The Emergency Severity Index, developed by two East
Coast physicians in the late 1990s, aims to put such
concerns to rest by using a five-level triage system
that better streamlines emergency care.
The new system “decreases the ambiguity of who
is the most acute patient, and the most acute patients
are seen in a more timely fashion,” says Mary
Auffrey, RN, MS, CEN, a clinical educator at HealthAlliance
in Leominster, Mass. The Leominster campus ED began
using the ESI in January. “Nurses are very excited
by it because at any given time, they know the sickest
patients are ... being seen and not [kept] in the waiting
room.”
The late Richard Wuerz, MD, of Brigham and Women’s
Hospital in Boston, and David Eitel, MD, MBA, of York
Hospital in Pennsylvania developed the ESI. Debbie Travers,
RN, PhD, CEN, seeking a better way to classify patients
arriving in the ED, worked with Wuerz to evaluate the
system at the University of North Carolina at Chapel
Hill in 1999. Her research found that five-level triage
was more effective and reliable than the former three-level
system, and nurses liked it better.
The ESI is a one-page algorithm, “very simple
and straightforward to use,” Travers says. The
nurse assesses whether the patient has a life-threatening
condition or if the problem will soon be potentially
fatal. The nurse also considers vital signs and, for
lower-acuity patients, the number of resources required.
The triage nurse then assigns a triage level, with Level
1 being the most acute and Level 5 the least.

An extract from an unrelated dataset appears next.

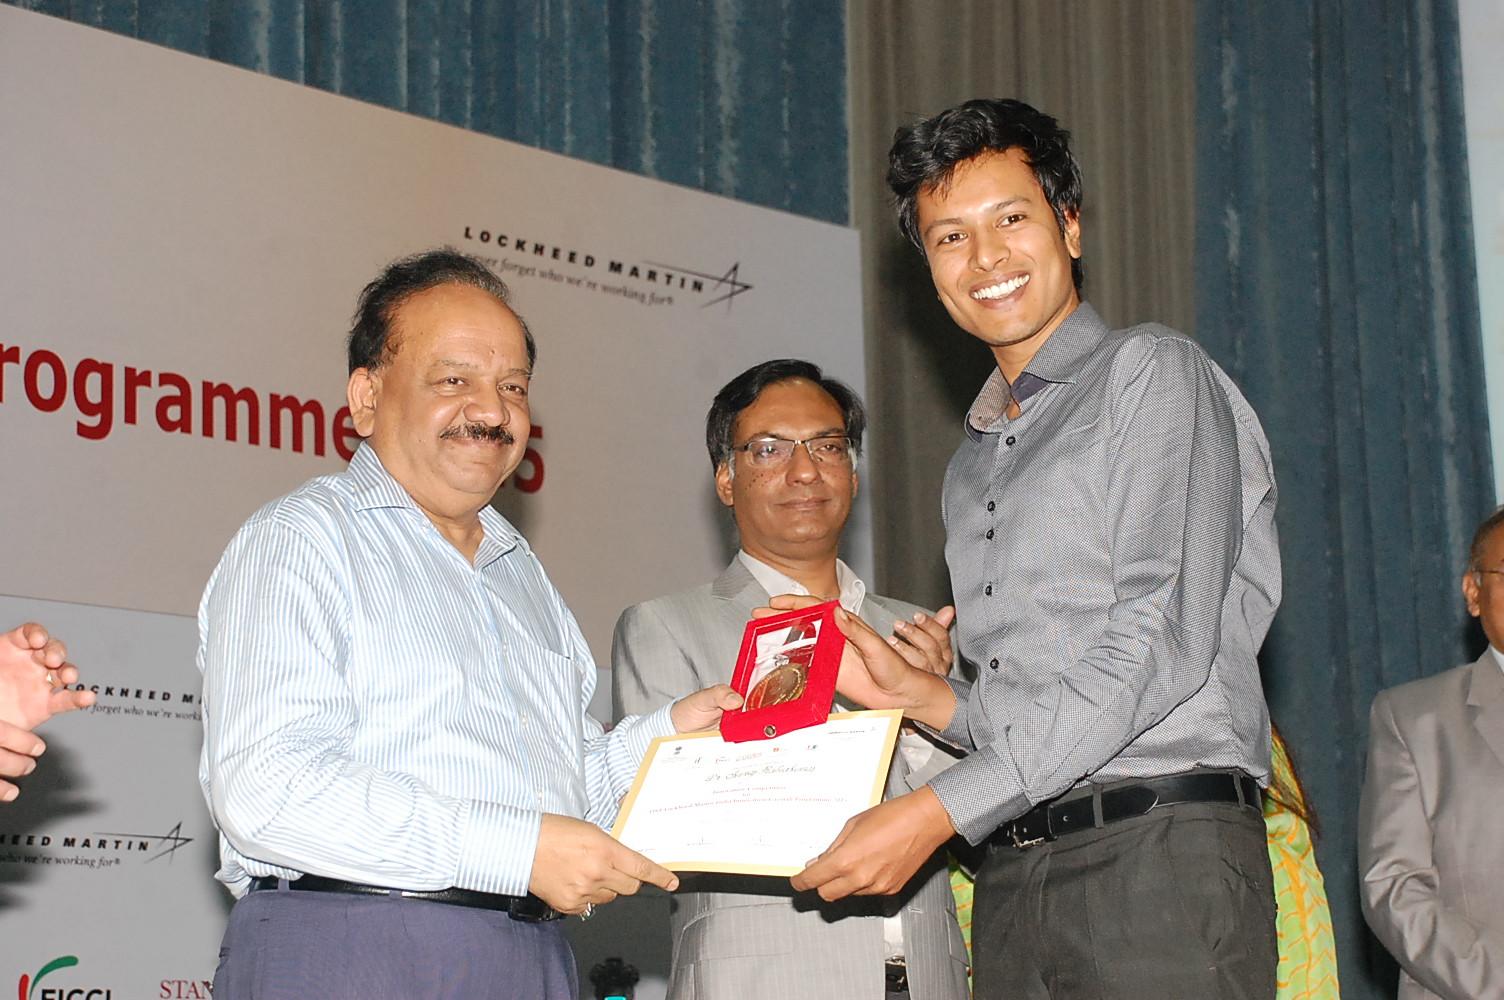 Dr Sooraj Ratnakumar, Swagene's Founder-Scientist, receives the award from Dr Harsh Vardhan

Travers found that “we’ve been able to
reproduce the triage ratings better with the five-level
[system] than with a three-level [one]. Before, we didn’t
get good reliability.” She said physicians began
accepting the ratings, rather than dismissing them as
an individual nurse’s predisposition toward certain
ratings.
“It makes nurses more credible to use a system
that can be applied consistently from one nurse to the
next,” she says.
As hospitals learned about the success of the new system,
physicians and nurses working with ESI realized the
need for a training manual to help other facilities
make a transition to five-level triage.
Wuerz drafted an early version, which was revised and
completed by Travers, Eitel, Nicki Gilboy, RN, MS, CEN,
and Paula Tanabe, RN, PhD, CCRN, CEN. More than 1,000
facilities have purchased the book, The Emergency Severity
Index Implementation Handbook: A Five-Level Triage System,
from the Emergency Nurses Association.
Standard system
The ENA and the American College of Emergency Physicians
issued a joint statement in September in support of
a standardized ED triage scale and acuity categorization
process, plus the adoption of a reliable and valid five-level
triage scale. A standard would help researchers compare
and contrast acuity at hospitals and allow facilities
to benchmark how they’re doing.
The ENA/ACEP Joint Five-Level Triage Task Force continues
to meet and has yet to say whether it will recommend
Wuerz and Eitel’s ESI. Canadian and Australian
hospitals have used five-level triage for years, but
the foreign systems differ from ESI. Travers, a member
of the task force, said she’s not wedded to ESI,
but strongly believes the time has come to switch to
a five-level system.
“Nurses are good at triage,” Travers says,
“and we need to use the best system possible to
reflect the good decisions nurses can make at triage.”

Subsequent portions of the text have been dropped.